Kellogg Professor Neal Roese finds that decisions about love inspire more regret than those related to work
2/9/2012 - It’s a story as old as time — having to make a decision about work or love, and being terrified to make the wrong choice.
A new study by Marketing Professor Neal Roese
and his colleagues may offer some guidance to those facing such decisions. They found that regrets related to love are more intense than those involving work.
In a previous study
, Roese found that romantic regrets are among the most common type of regret among Americans. His new study, with lead author Mike Morrison of the University of Illinois at Urbana-Champaign and Kai Epstude of the University of Groningen, goes one step further and underscores the impact of social relationships.
“Social relationships, we suggest, are the most pivotal component of life regrets. Failed marriages, turbulent romances, and lost time with family may elicit regrets that last a lifetime,” Roese and his colleagues write.
Romantic regrets are intense because regrets of a social nature pose a threat to a person’s need to belong.
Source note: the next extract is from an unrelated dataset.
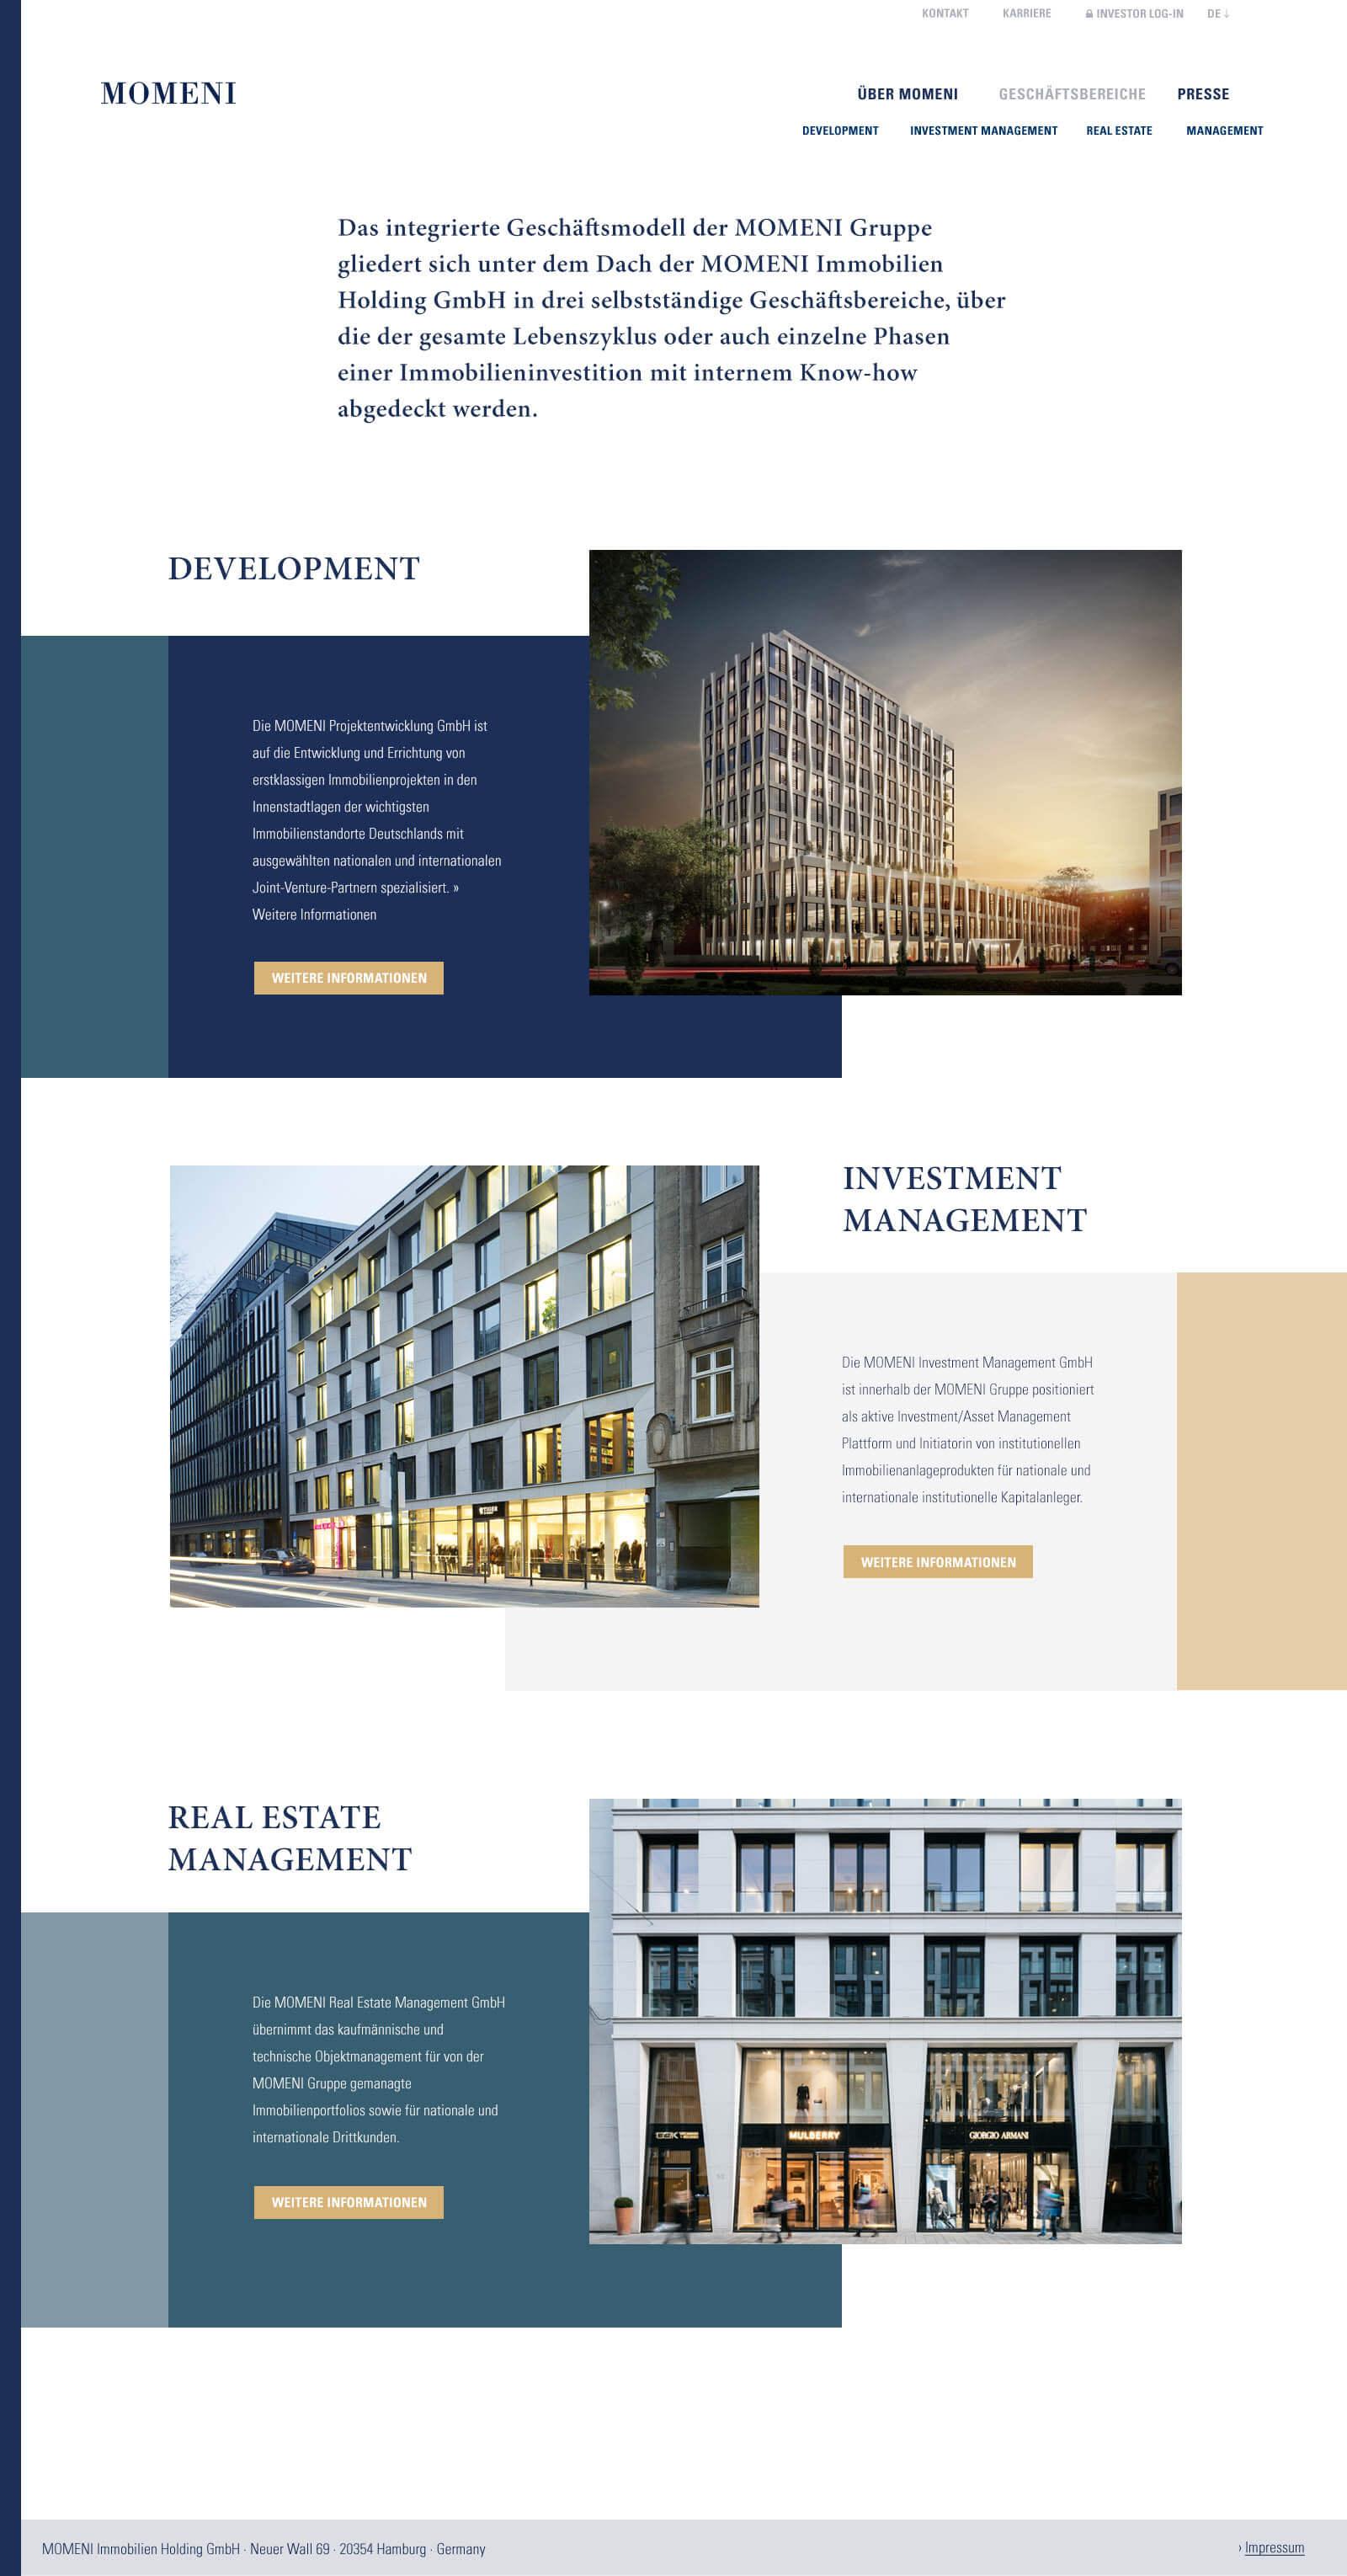 Immobilien Website in Düsseldorf: Projektentwickler Momeni Group - Leistungsübersicht

“Belonging, as a core human motive, powerfully connects to well-being and mental health,” the authors write.
The paper describes five experiments, the results of which all suggest that love or other decisions of a social nature, such as ending a relationship or being unfaithful, are more intense than those involving work or less-social decisions, such a dropping out of college or quitting a job. Roese and his co-authors found that:
- Regrets involving romance or family (“love regrets”) were consistently rated as more intense than education or career regrets (“work regrets”).
- In the studies that compared high- and low-intensity regrets, love regrets were far more common than work regrets in the high-intensity category, sometimes outnumbering work regrets by more than 2 to 1 (56.4 percent to 19.9 percent).
- On balance, low-intensity regrets were equally likely to focus on love and work regrets.
- People rated their love and work regrets to be almost identical in terms of self-blame and importance. However, romantic regrets rated much higher when it came to social impact and threats to feelings of belonging.
“What our research makes clear is that, while regrets are multifaceted with diverse consequences, their social impact looms especially large,” the authors wrote. “Regrets can stem from love or work, but those stemming from the former seem to be the toughest to overcome. The need to belong is not just a fundamental human motive but a fundamental component of regret.”
The study, “Life Regrets and the Need to Belong,” will be published in an upcoming issue of Social Psychological and Personality Science.